Supplied records —

■ ■ ■ ■ ■

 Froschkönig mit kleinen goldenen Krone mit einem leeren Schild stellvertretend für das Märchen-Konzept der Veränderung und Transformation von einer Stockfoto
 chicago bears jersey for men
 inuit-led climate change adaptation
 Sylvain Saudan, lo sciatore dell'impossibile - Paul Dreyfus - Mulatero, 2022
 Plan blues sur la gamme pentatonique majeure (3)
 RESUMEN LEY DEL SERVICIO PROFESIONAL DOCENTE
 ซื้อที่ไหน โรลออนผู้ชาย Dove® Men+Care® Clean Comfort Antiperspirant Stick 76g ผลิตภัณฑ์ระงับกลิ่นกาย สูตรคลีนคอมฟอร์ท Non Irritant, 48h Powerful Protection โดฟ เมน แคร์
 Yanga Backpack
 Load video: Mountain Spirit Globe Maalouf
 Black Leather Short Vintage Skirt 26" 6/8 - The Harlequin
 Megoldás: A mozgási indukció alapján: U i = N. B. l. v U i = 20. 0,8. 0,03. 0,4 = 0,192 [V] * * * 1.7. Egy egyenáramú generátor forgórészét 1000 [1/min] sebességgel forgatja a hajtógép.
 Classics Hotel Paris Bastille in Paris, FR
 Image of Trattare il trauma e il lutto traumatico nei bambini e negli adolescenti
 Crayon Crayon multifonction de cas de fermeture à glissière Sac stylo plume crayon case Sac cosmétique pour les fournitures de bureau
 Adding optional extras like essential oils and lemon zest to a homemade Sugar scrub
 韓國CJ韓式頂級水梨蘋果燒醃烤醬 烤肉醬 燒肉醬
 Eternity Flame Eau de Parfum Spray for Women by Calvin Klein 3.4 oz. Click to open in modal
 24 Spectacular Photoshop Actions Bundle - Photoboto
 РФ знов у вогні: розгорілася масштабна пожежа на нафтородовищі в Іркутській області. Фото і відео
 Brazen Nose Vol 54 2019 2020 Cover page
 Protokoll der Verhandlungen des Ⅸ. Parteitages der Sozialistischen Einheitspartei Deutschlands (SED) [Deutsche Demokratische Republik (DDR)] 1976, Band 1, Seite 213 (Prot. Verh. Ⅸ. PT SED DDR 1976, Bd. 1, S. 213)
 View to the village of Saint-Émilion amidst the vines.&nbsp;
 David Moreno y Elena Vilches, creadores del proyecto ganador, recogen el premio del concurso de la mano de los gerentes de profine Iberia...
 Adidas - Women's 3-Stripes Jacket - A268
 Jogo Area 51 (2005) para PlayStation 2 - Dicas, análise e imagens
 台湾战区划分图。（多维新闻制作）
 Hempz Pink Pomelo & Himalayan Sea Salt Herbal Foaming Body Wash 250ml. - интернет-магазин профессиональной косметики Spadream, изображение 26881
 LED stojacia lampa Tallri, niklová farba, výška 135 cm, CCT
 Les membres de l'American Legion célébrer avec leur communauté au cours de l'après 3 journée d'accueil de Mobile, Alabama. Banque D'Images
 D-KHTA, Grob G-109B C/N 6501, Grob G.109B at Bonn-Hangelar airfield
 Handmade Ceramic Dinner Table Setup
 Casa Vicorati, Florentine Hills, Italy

■ ■ ■ ■ ■

Exercise aim —
The whole of the data must be given again, exactly as shown.

Finished task —
 Froschkönig mit kleinen goldenen Krone mit einem leeren Schild stellvertretend für das Märchen-Konzept der Veränderung und Transformation von einer Stockfoto
 chicago bears jersey for men
 inuit-led climate change adaptation
 Sylvain Saudan, lo sciatore dell'impossibile - Paul Dreyfus - Mulatero, 2022
 Plan blues sur la gamme pentatonique majeure (3)
 RESUMEN LEY DEL SERVICIO PROFESIONAL DOCENTE
 ซื้อที่ไหน โรลออนผู้ชาย Dove® Men+Care® Clean Comfort Antiperspirant Stick 76g ผลิตภัณฑ์ระงับกลิ่นกาย สูตรคลีนคอมฟอร์ท Non Irritant, 48h Powerful Protection โดฟ เมน แคร์
 Yanga Backpack
 Load video: Mountain Spirit Globe Maalouf
 Black Leather Short Vintage Skirt 26" 6/8 - The Harlequin
 Megoldás: A mozgási indukció alapján: U i = N. B. l. v U i = 20. 0,8. 0,03. 0,4 = 0,192 [V] * * * 1.7. Egy egyenáramú generátor forgórészét 1000 [1/min] sebességgel forgatja a hajtógép.
 Classics Hotel Paris Bastille in Paris, FR
 Image of Trattare il trauma e il lutto traumatico nei bambini e negli adolescenti
 Crayon Crayon multifonction de cas de fermeture à glissière Sac stylo plume crayon case Sac cosmétique pour les fournitures de bureau
 Adding optional extras like essential oils and lemon zest to a homemade Sugar scrub
 韓國CJ韓式頂級水梨蘋果燒醃烤醬 烤肉醬 燒肉醬
 Eternity Flame Eau de Parfum Spray for Women by Calvin Klein 3.4 oz. Click to open in modal
 24 Spectacular Photoshop Actions Bundle - Photoboto
 РФ знов у вогні: розгорілася масштабна пожежа на нафтородовищі в Іркутській області. Фото і відео
 Brazen Nose Vol 54 2019 2020 Cover page
 Protokoll der Verhandlungen des Ⅸ. Parteitages der Sozialistischen Einheitspartei Deutschlands (SED) [Deutsche Demokratische Republik (DDR)] 1976, Band 1, Seite 213 (Prot. Verh. Ⅸ. PT SED DDR 1976, Bd. 1, S. 213)
 View to the village of Saint-Émilion amidst the vines.&nbsp;
 David Moreno y Elena Vilches, creadores del proyecto ganador, recogen el premio del concurso de la mano de los gerentes de profine Iberia...
 Adidas - Women's 3-Stripes Jacket - A268
 Jogo Area 51 (2005) para PlayStation 2 - Dicas, análise e imagens
 台湾战区划分图。（多维新闻制作）
 Hempz Pink Pomelo & Himalayan Sea Salt Herbal Foaming Body Wash 250ml. - интернет-магазин профессиональной косметики Spadream, изображение 26881
 LED stojacia lampa Tallri, niklová farba, výška 135 cm, CCT
 Les membres de l'American Legion célébrer avec leur communauté au cours de l'après 3 journée d'accueil de Mobile, Alabama. Banque D'Images
 D-KHTA, Grob G-109B C/N 6501, Grob G.109B at Bonn-Hangelar airfield
 Handmade Ceramic Dinner Table Setup
 Casa Vicorati, Florentine Hills, Italy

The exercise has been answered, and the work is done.